- [Work instruction]: Return exactly the lines of the data below, from the one that contains "Fibula Bone Anatomy" through the final line, and leave out every picture.

- [Information supplied]:
┌──
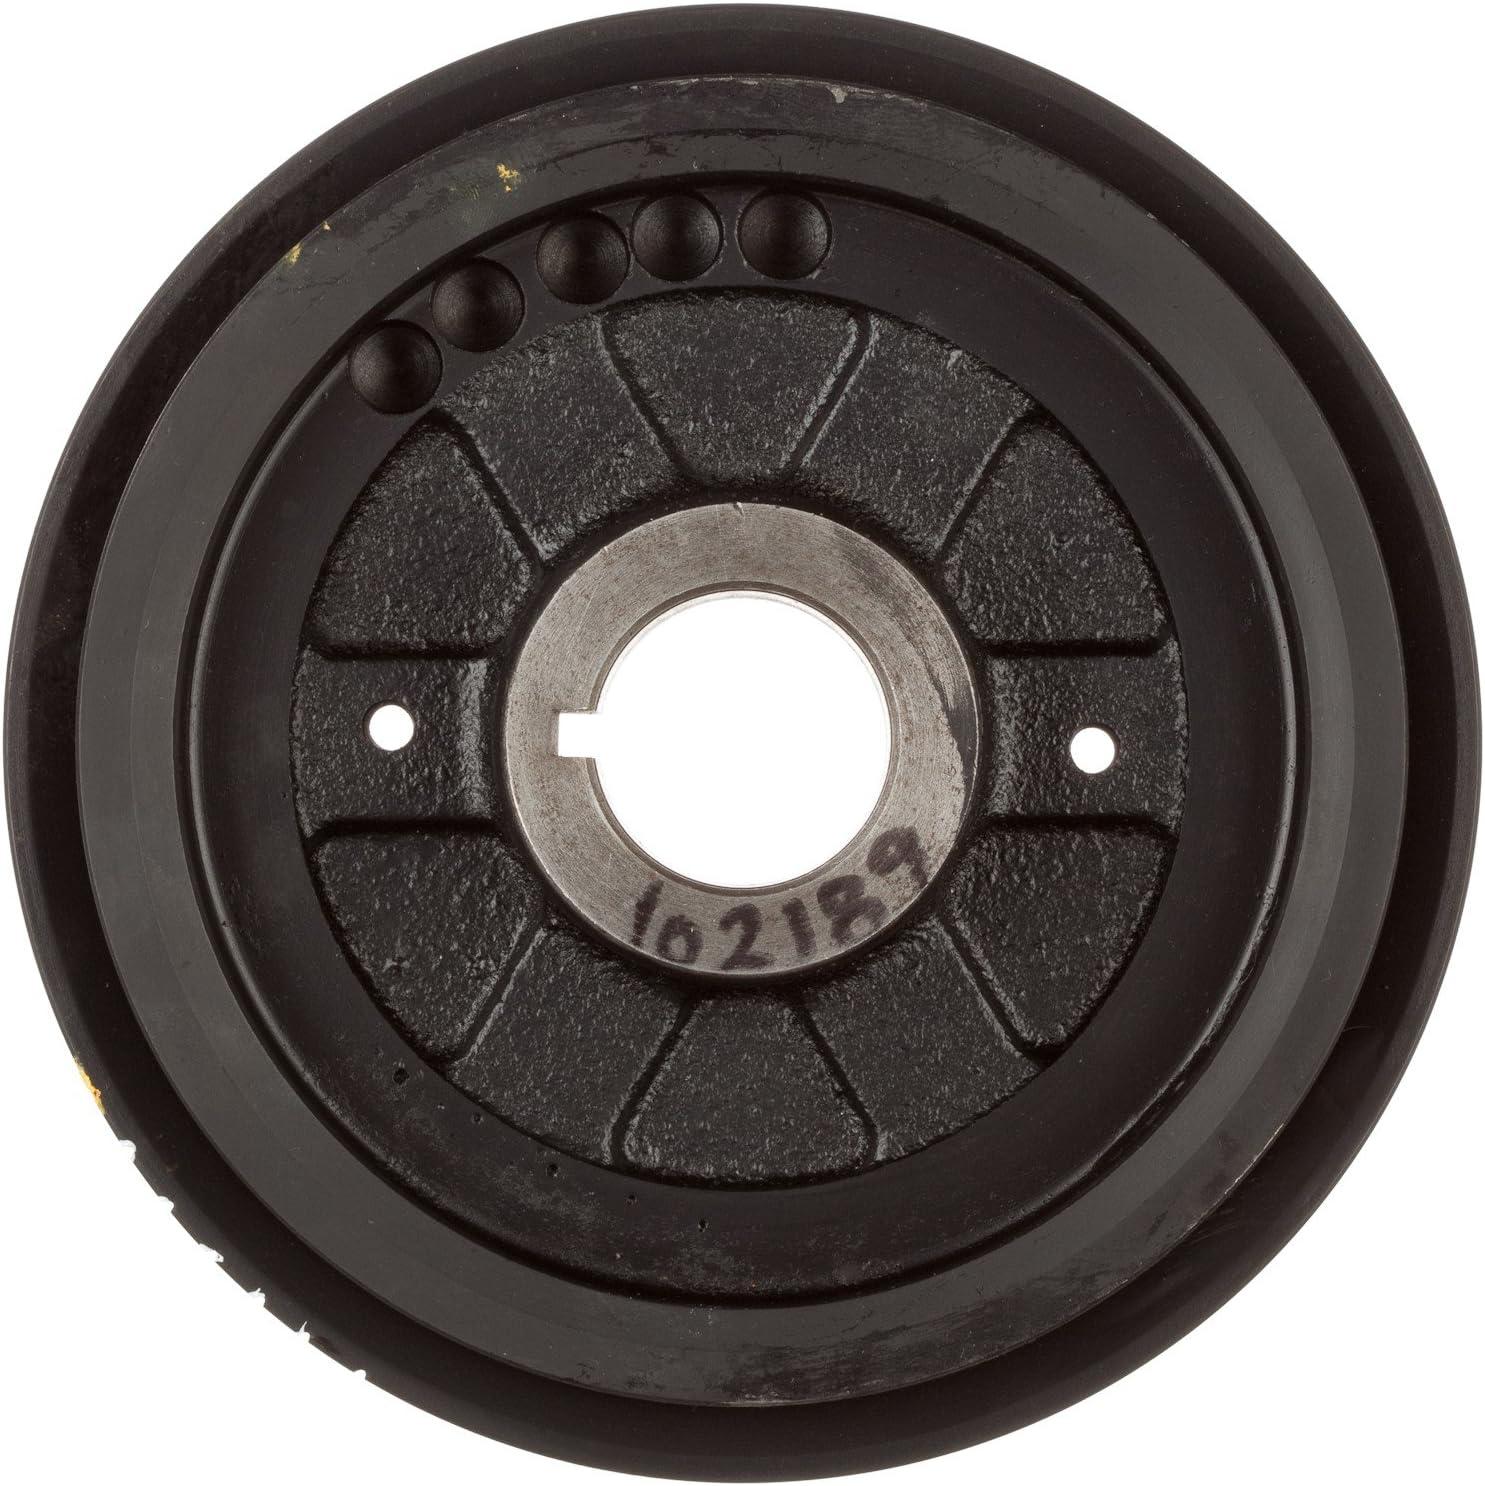 ATP Automotive Graywerks 102189 Engine Harmonic Balancer
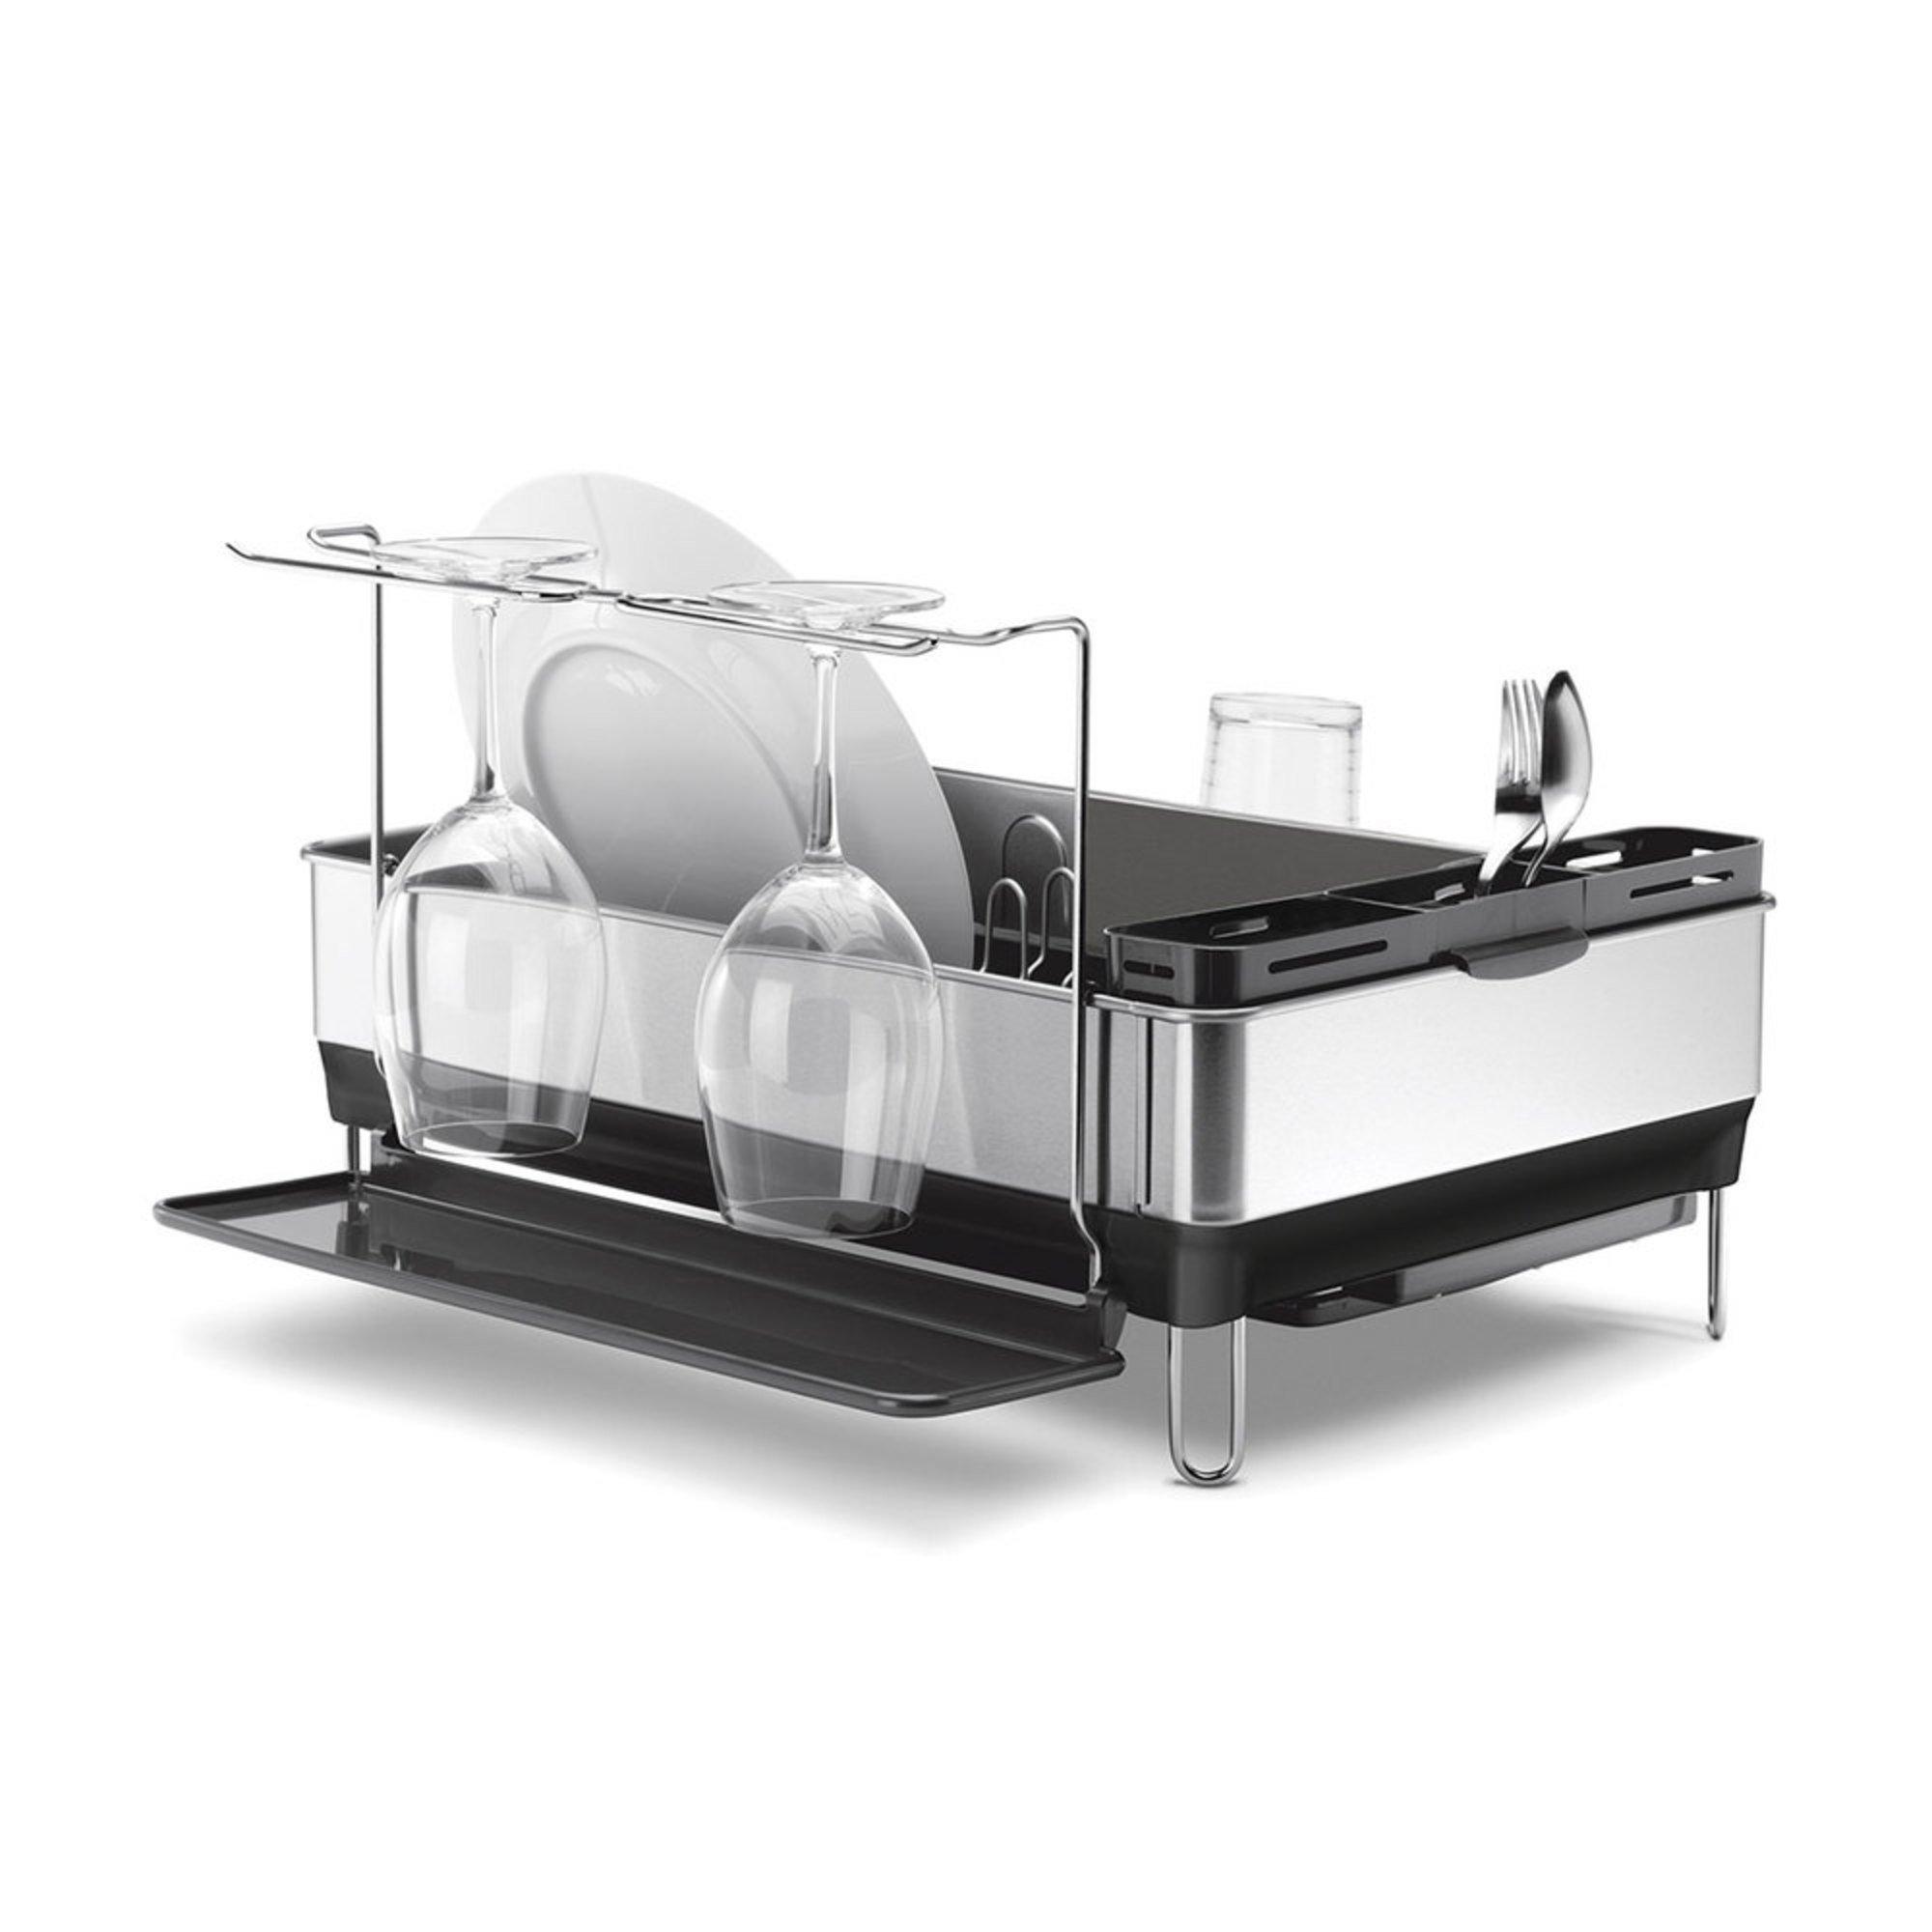 simplehuman steel frame dish rack with wine glass slot
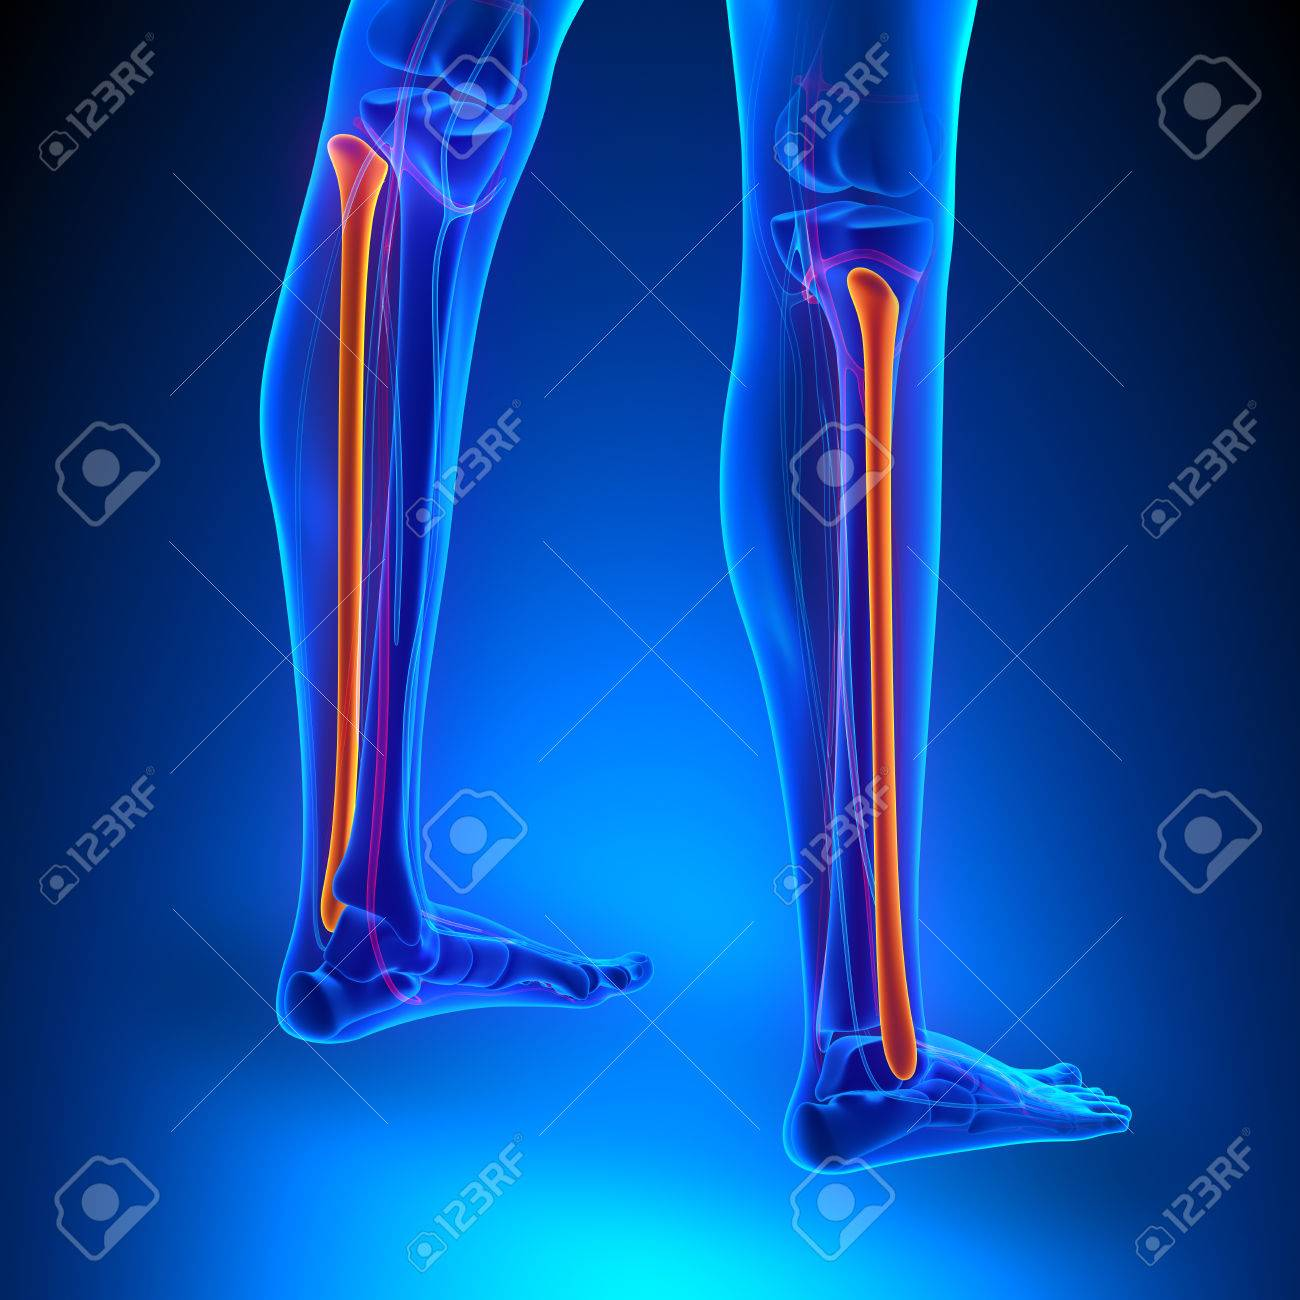 Fibula Bone Anatomy With Circulatory System Stock Photo, Picture And ...
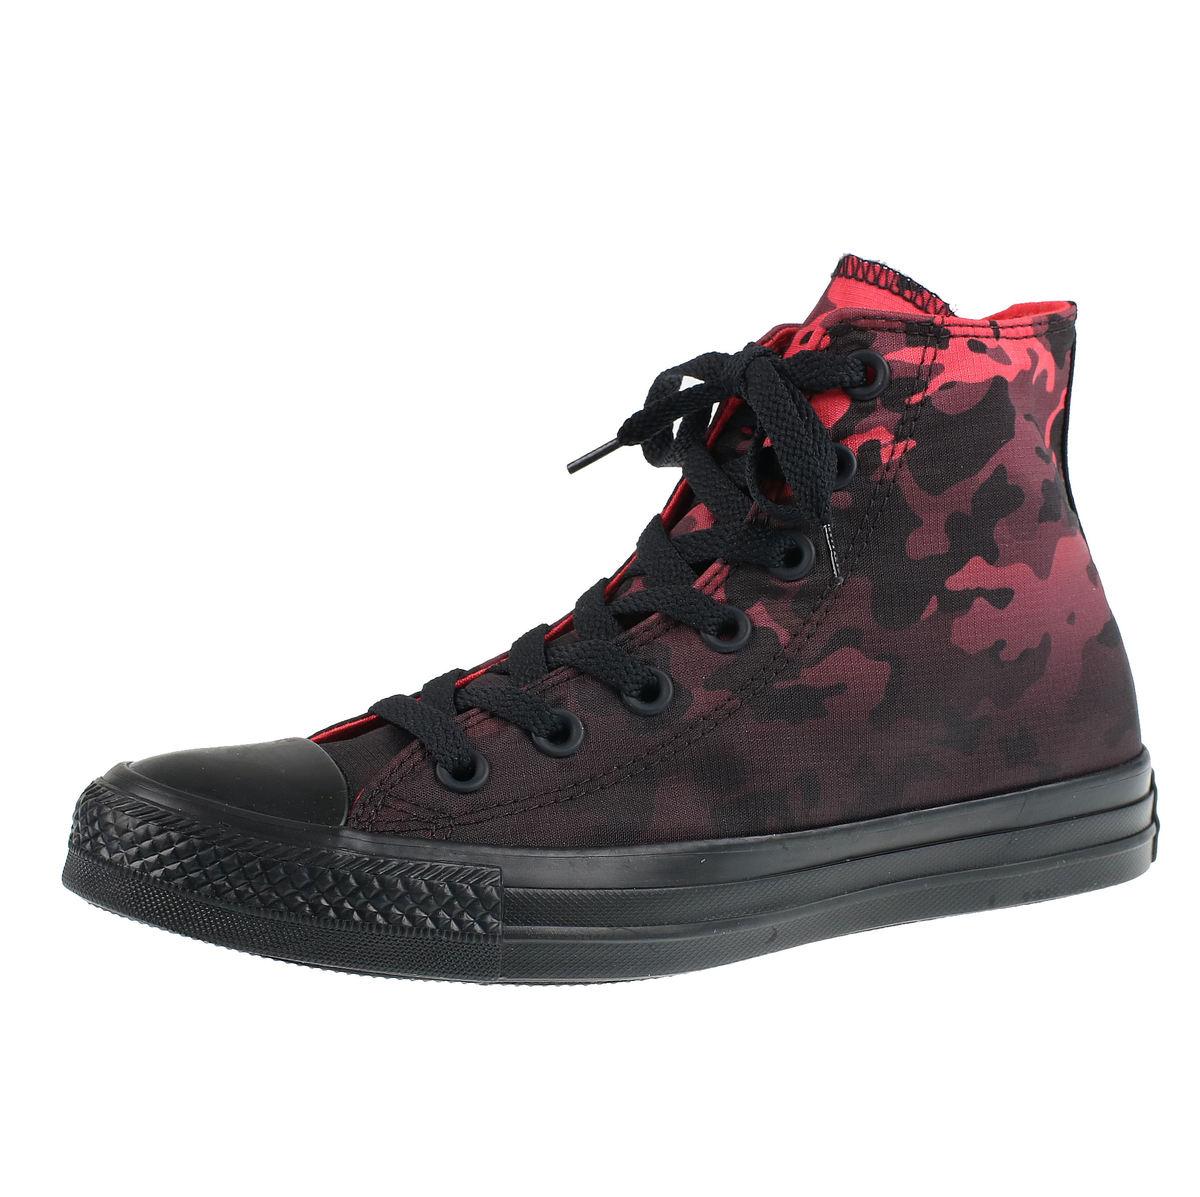 ce81aa81c638 topánky CONVERSE - CTAS HI SEDONA - RED   BLACK - 163242C - metalshop.sk
└──
- [Written reply]:
 Fibula Bone Anatomy With Circulatory System Stock Photo, Picture And ...
 ce81aa81c638 topánky CONVERSE - CTAS HI SEDONA - RED   BLACK - 163242C - metalshop.sk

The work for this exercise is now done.